We have the forms for small claims and it does look straightforward and have been advised we would be able to get the money off him - its just the small (!) matter of him reckoning we owe him £2500.  I know he is the type that would send someone round to threaten us and last time we had our IUI (just before the proceedure) someone phoned us threatening us that if we didnt settle up their over inflated invoice they would be round - we came to an agreement mainly because I was so stressed about the impending IUI!!  I know it sounds really pathetic but I am so tempted to just write it off as a bad experience and not have to endure the stress of it.  I got his letter this morning and it triggered my anxiety and I just dont want to have to deal with anymore stress   as I am really nervous about the IVF and other stuff and am trying to decide if its worth persuing the debt or accepting that our health and tx is more important (which obviously is) but lose the money.  I would never think of not paying someone for a job done properly and honestly.  Cant believe how some companies operate and their attitudes!


----------



## Anthony Reid (Jan 1, 2002)

This might also be useful to read : 
http://www.businesslink.gov.uk/bdotg/action/detail?type=RESOURCES&itemId=1073792176
/links


----------



## Libeth (Jul 17, 2007)

Hi Tony = thanks for the link  - I am going to get my DH onto looking into it in more detail - going to let him deal with the stress of it!!

Sallwags - thanks for the info - we do have all the evidence and he is using bullying tactics so like you say we would probably be in with a good case.


----------



## angel1888 (Oct 19, 2004)

Sorry this man is so nasty!

I think Tony has come up with a great plan of action - sell the debt!  Normally I would encourage you to pursue this, but if you are worried about your health then selling the debt may be a way of getting some money back and getting rid of the problem.  

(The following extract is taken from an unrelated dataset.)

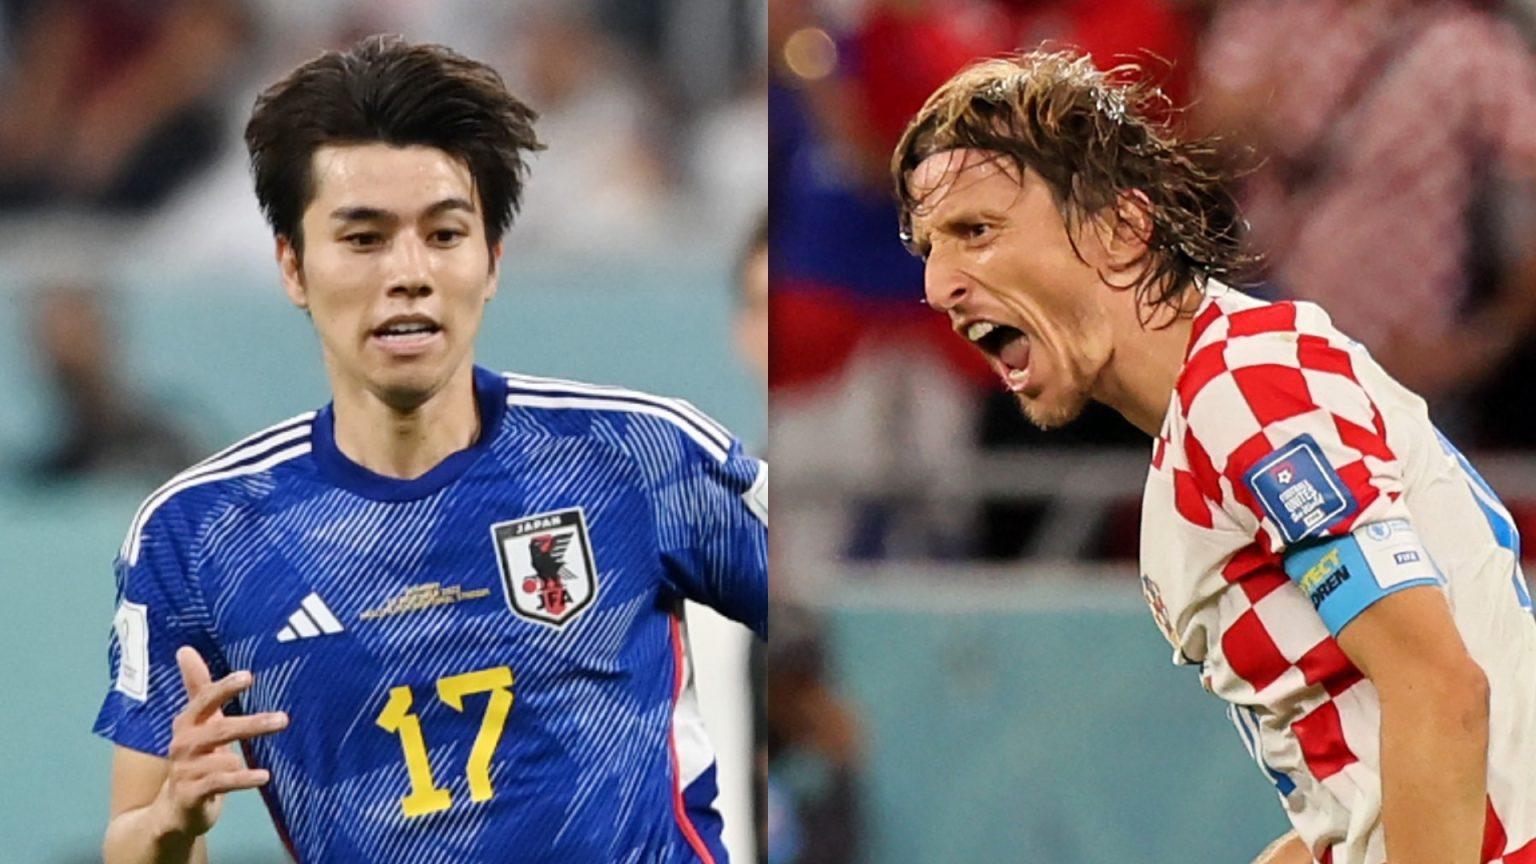 تشكيلة منتخب اليابان وكرواتيا في كأس العالم 2022

That said, this probably won't be the last time that a customer refuses to pay - unfortunately it is just part of running a business and it is worth establishing proper procedures to deal with it.  However, threats of violence are not the norm!  Make sure DH notes the time and content of these phonecalls and if there are any more threats, call the police.  That should take the wind out of his sails!

Sorry you are having to deal with this on top of treatment.

A xx


----------